§ Exercise:
Write out the listing below in full and exactly, leaving out every picture.

§ Data to process:
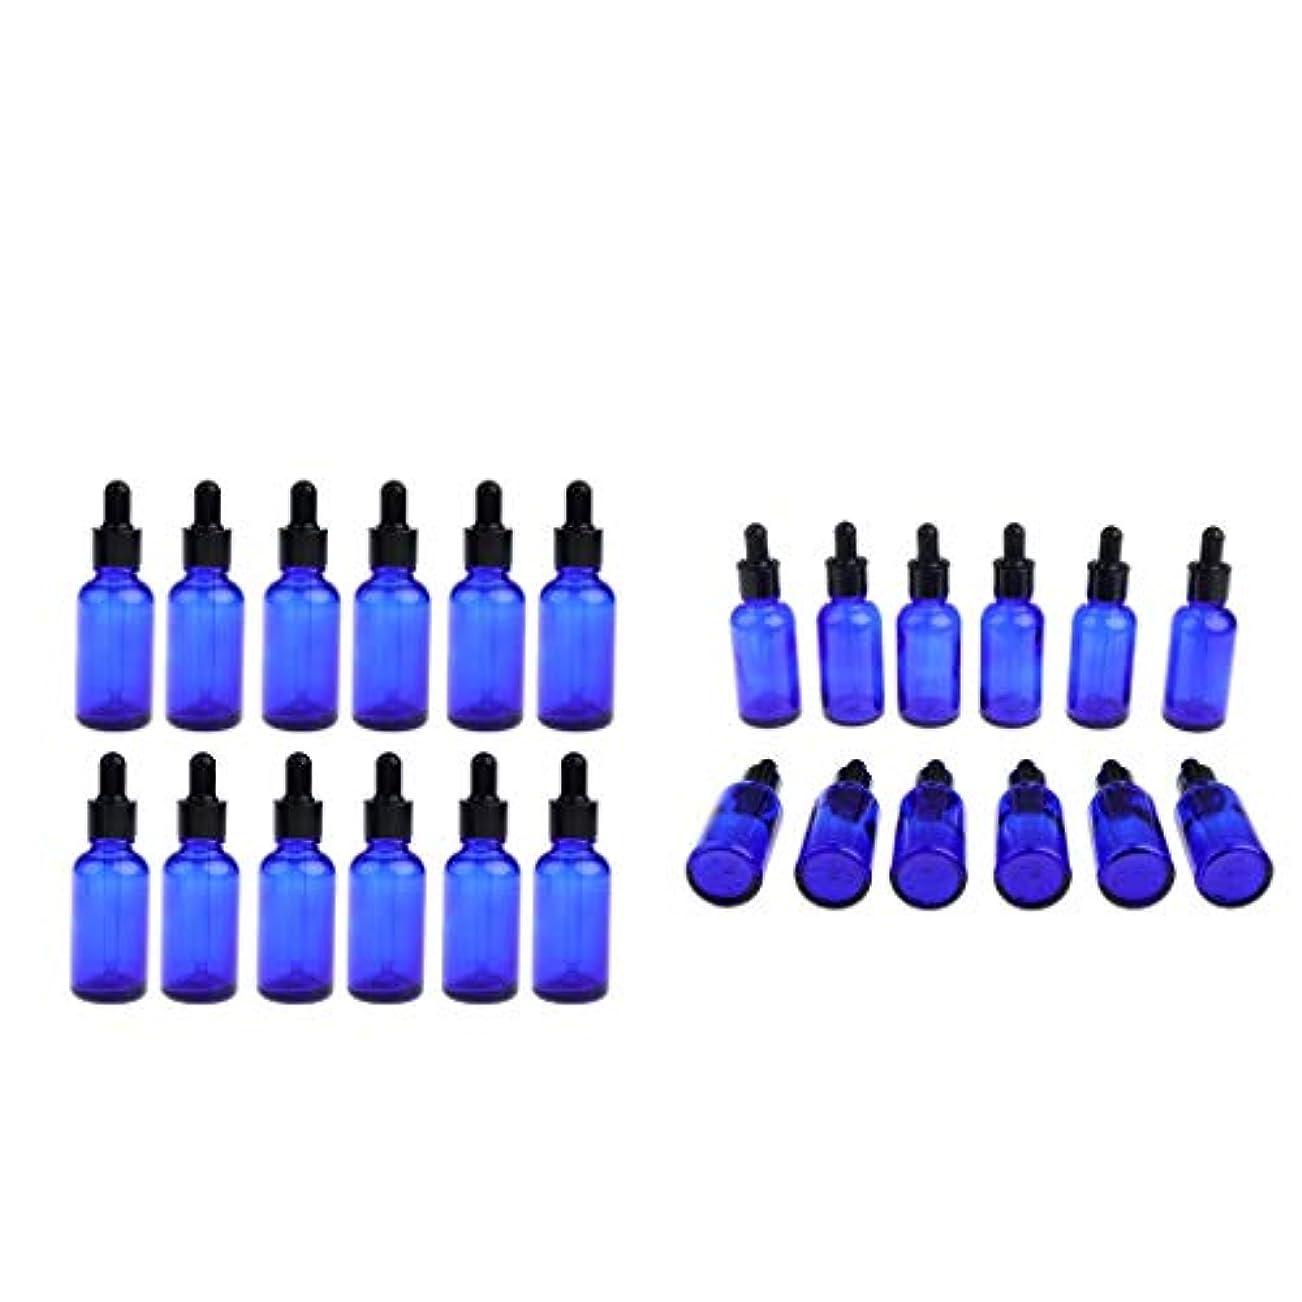 災害即席生産性dailymall エッセンシャルオイル詰め替え可能な空のドロッパーボトル-24ピースガラスボトルDIYブレンド用品アクセサリー
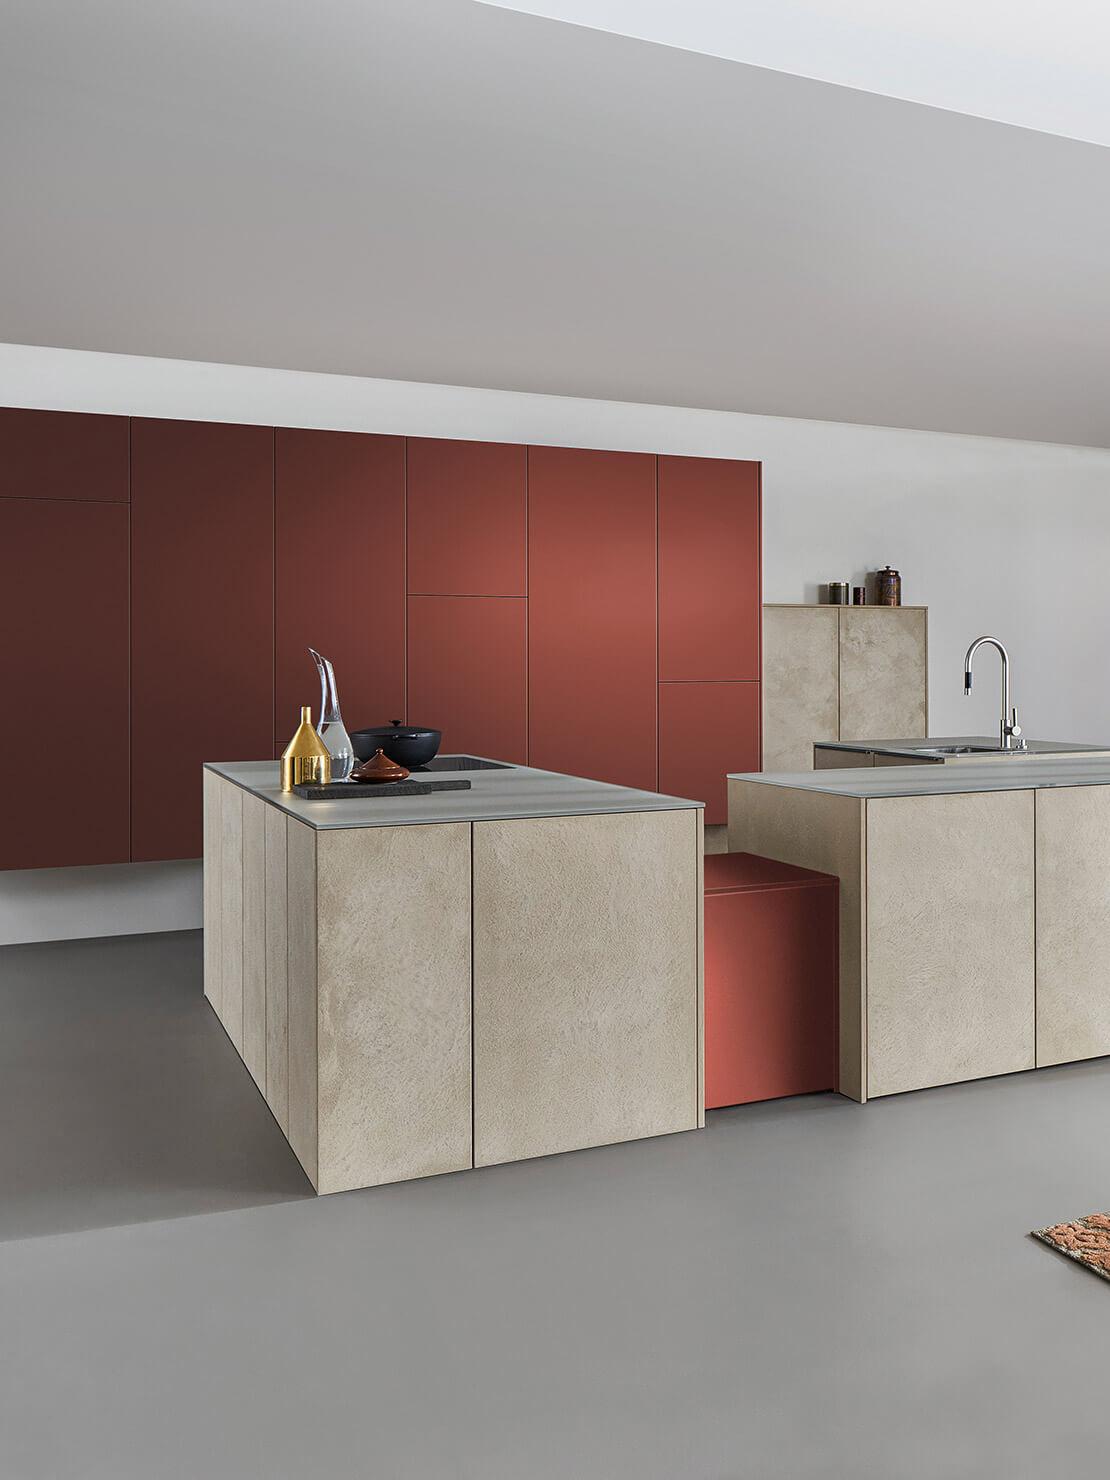 Ziemlich Küchen Designs Mit Doppelwand öfen Galerie - Küchen Design ...
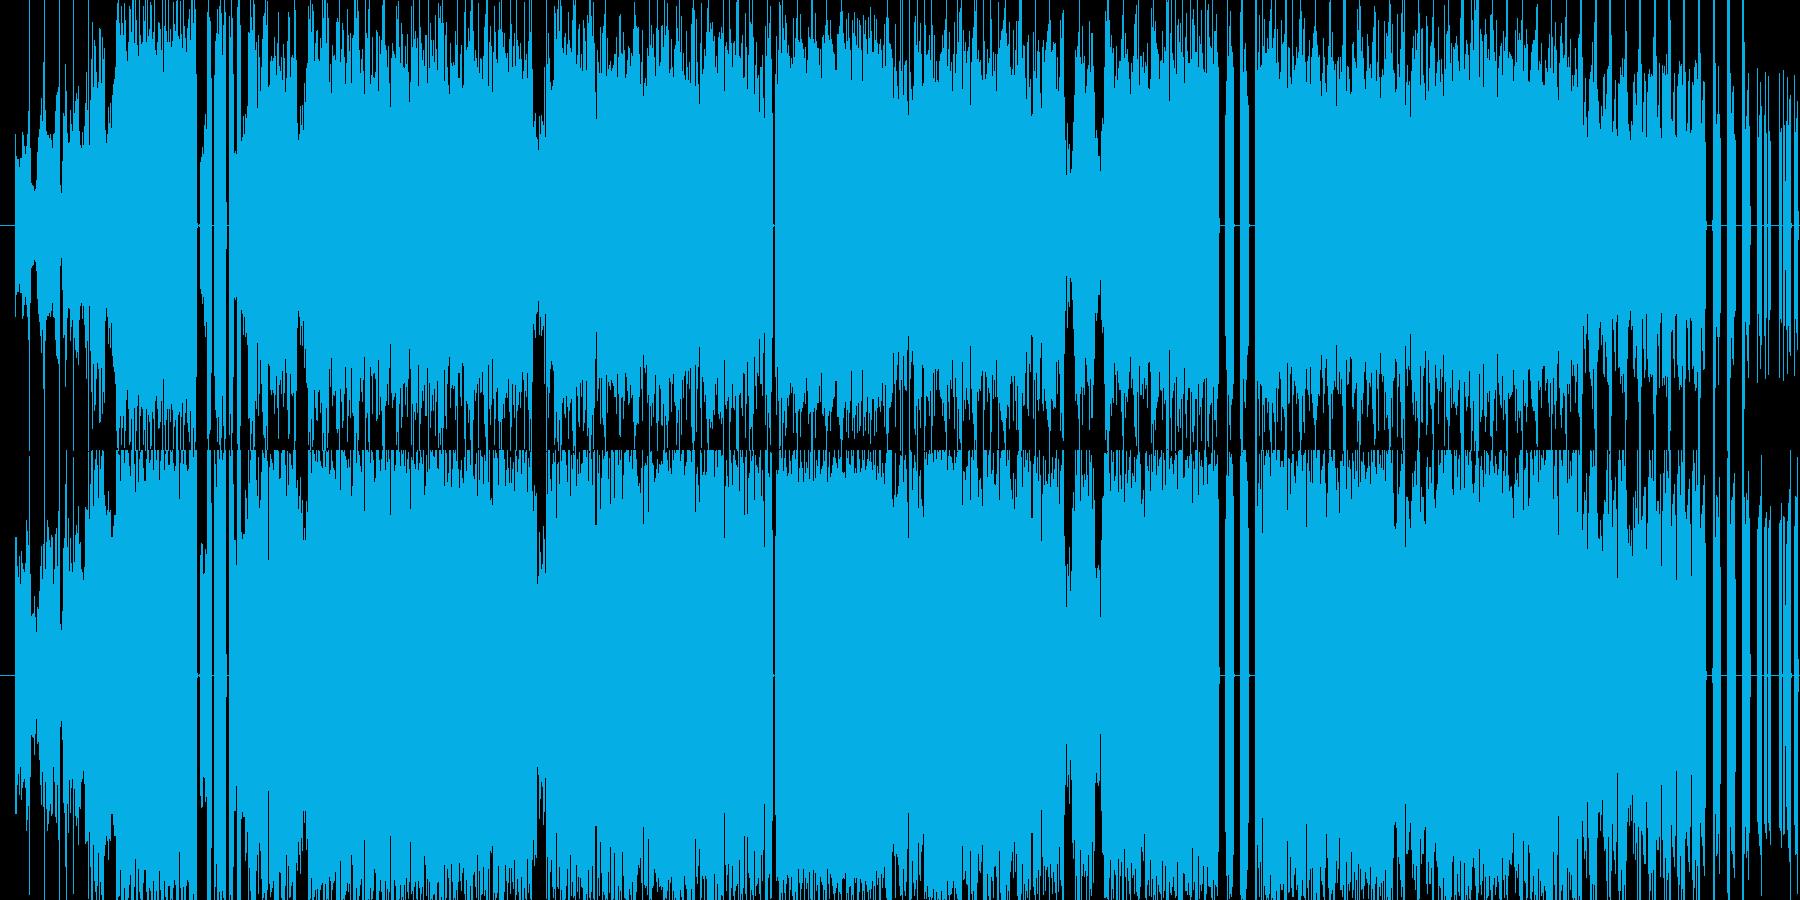 エレクトロハウス系の楽曲です。さまざま…の再生済みの波形
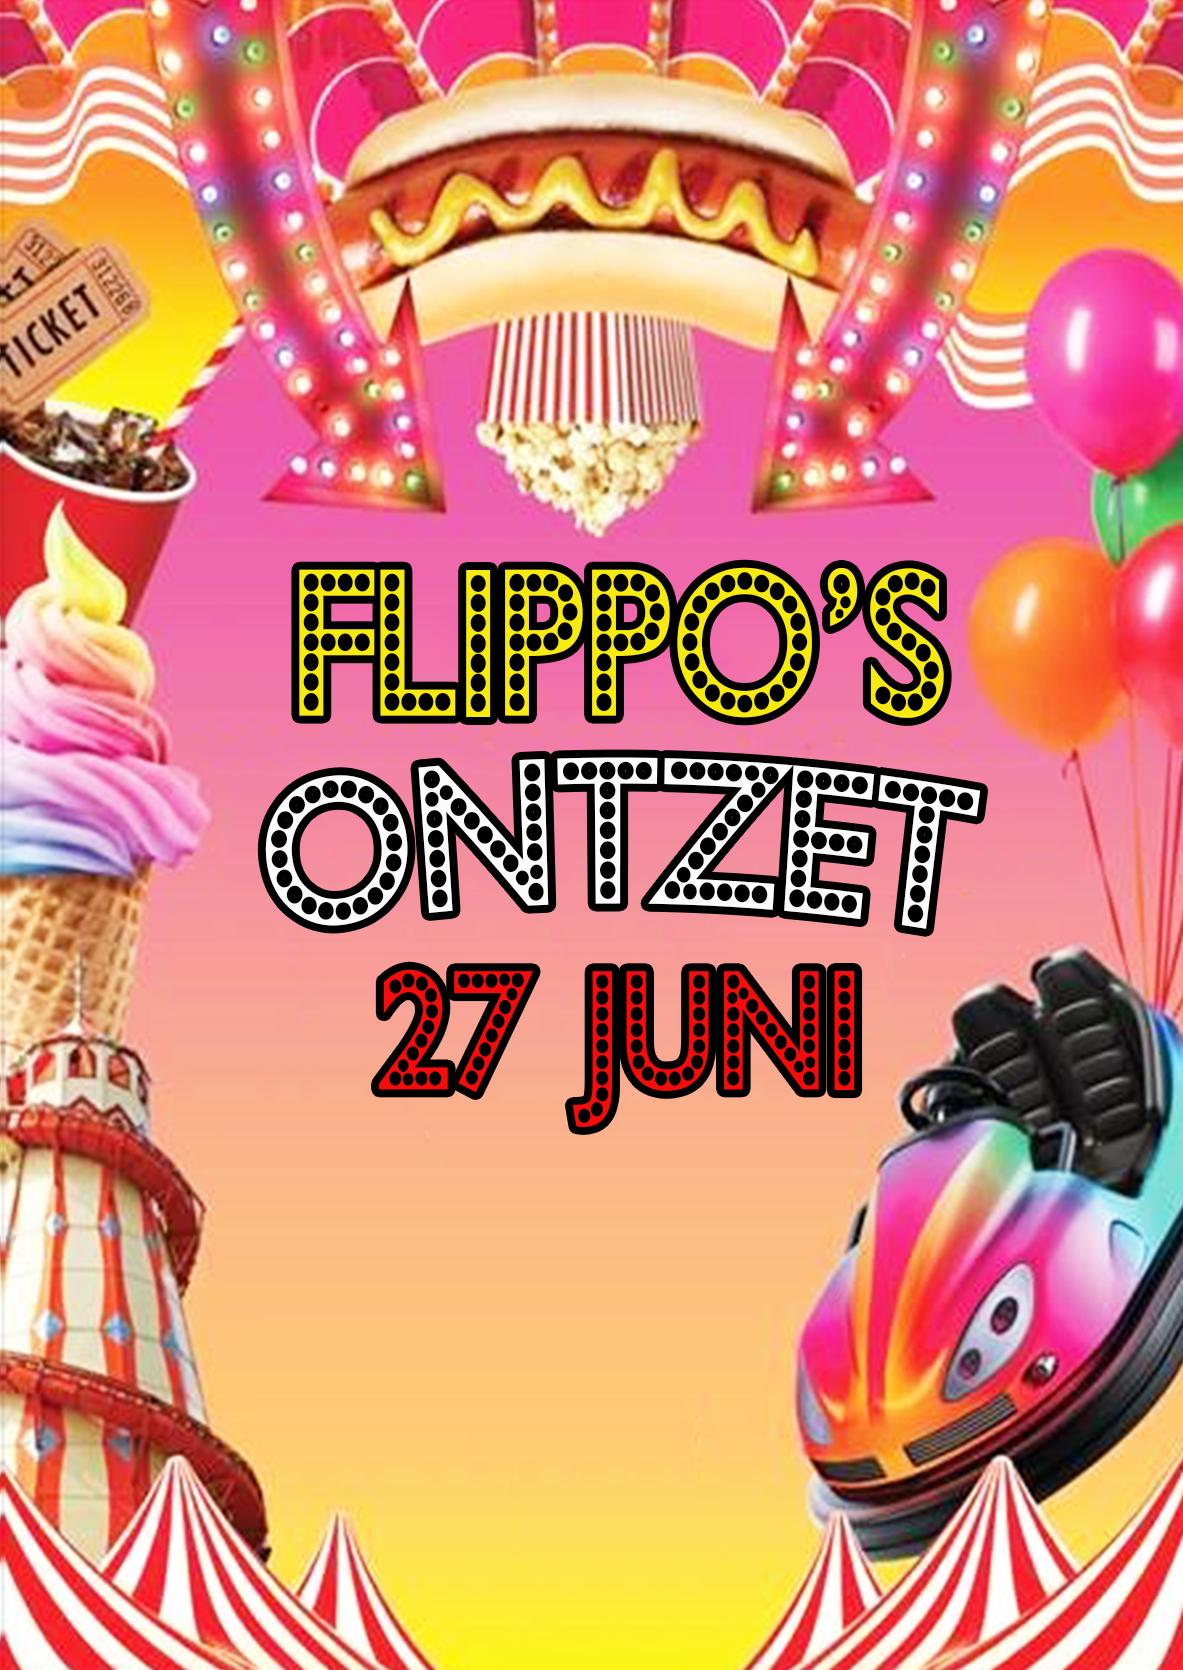 Flippofeest editie 2020: Flippo's ontzet - 27 juni 2020
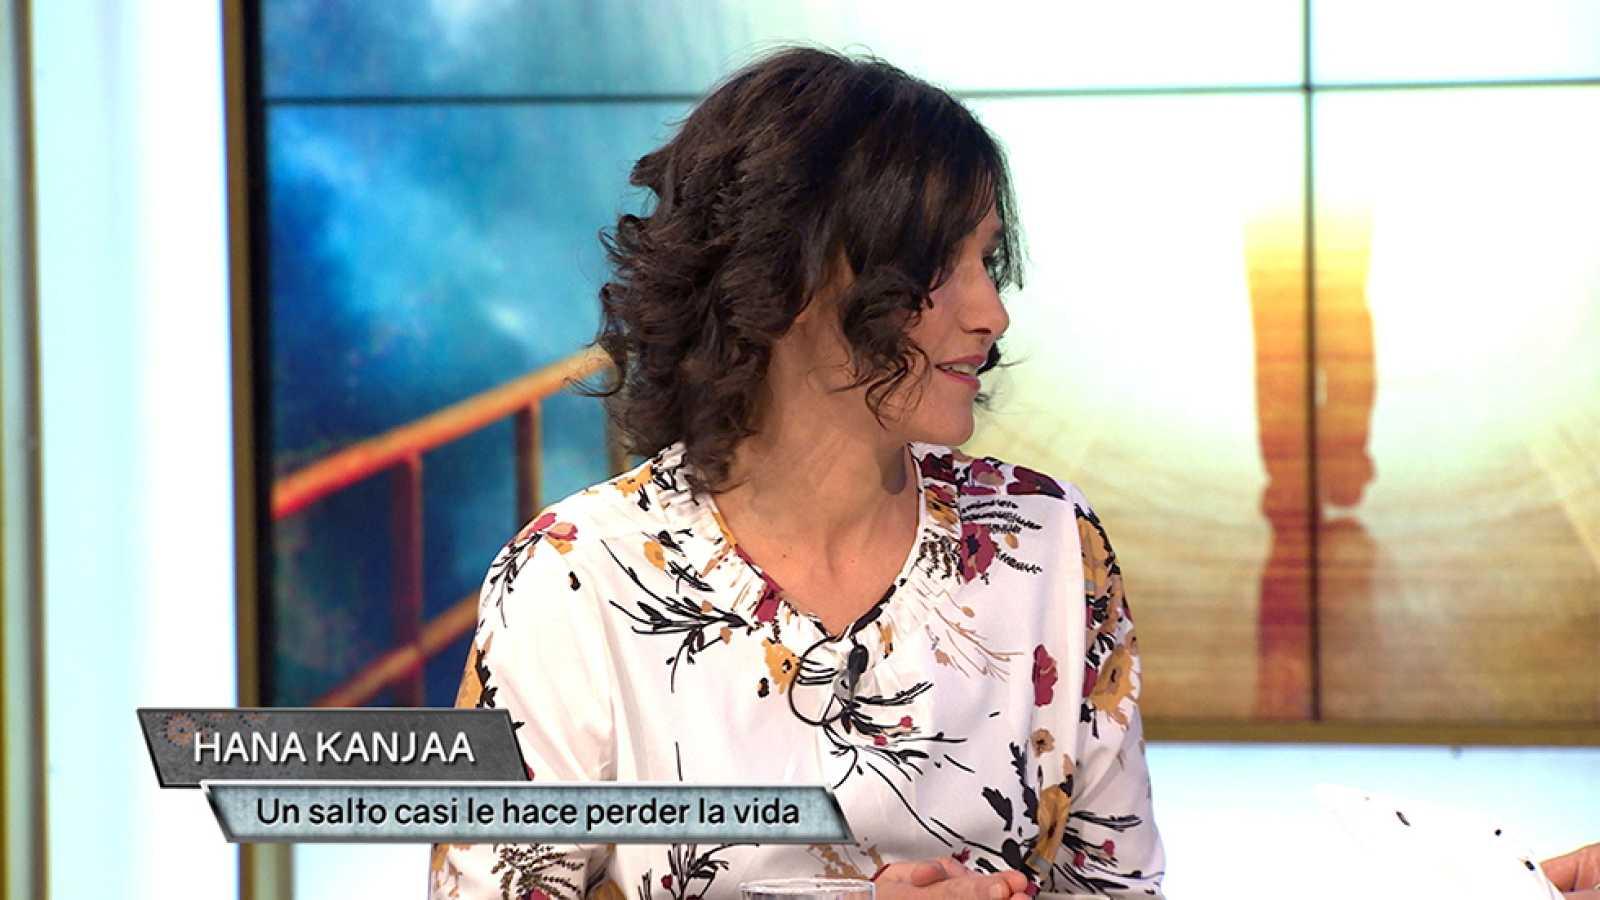 Hana Kanjaa estuvo a punto de perder la vida tras un accidente ...

§ Output below:
 災害即席生産性dailymall エッセンシャルオイル詰め替え可能な空のドロッパーボトル-24ピースガラスボトルDIYブレンド用品アクセサリー
 Ziemlich Küchen Designs Mit Doppelwand öfen Galerie - Küchen Design ...
 エレクトロハウス系の楽曲です。さまざま…の再生済みの波形
 Flippofeest editie 2020: Flippo's ontzet - 27 juni 2020
 Hana Kanjaa estuvo a punto de perder la vida tras un accidente ...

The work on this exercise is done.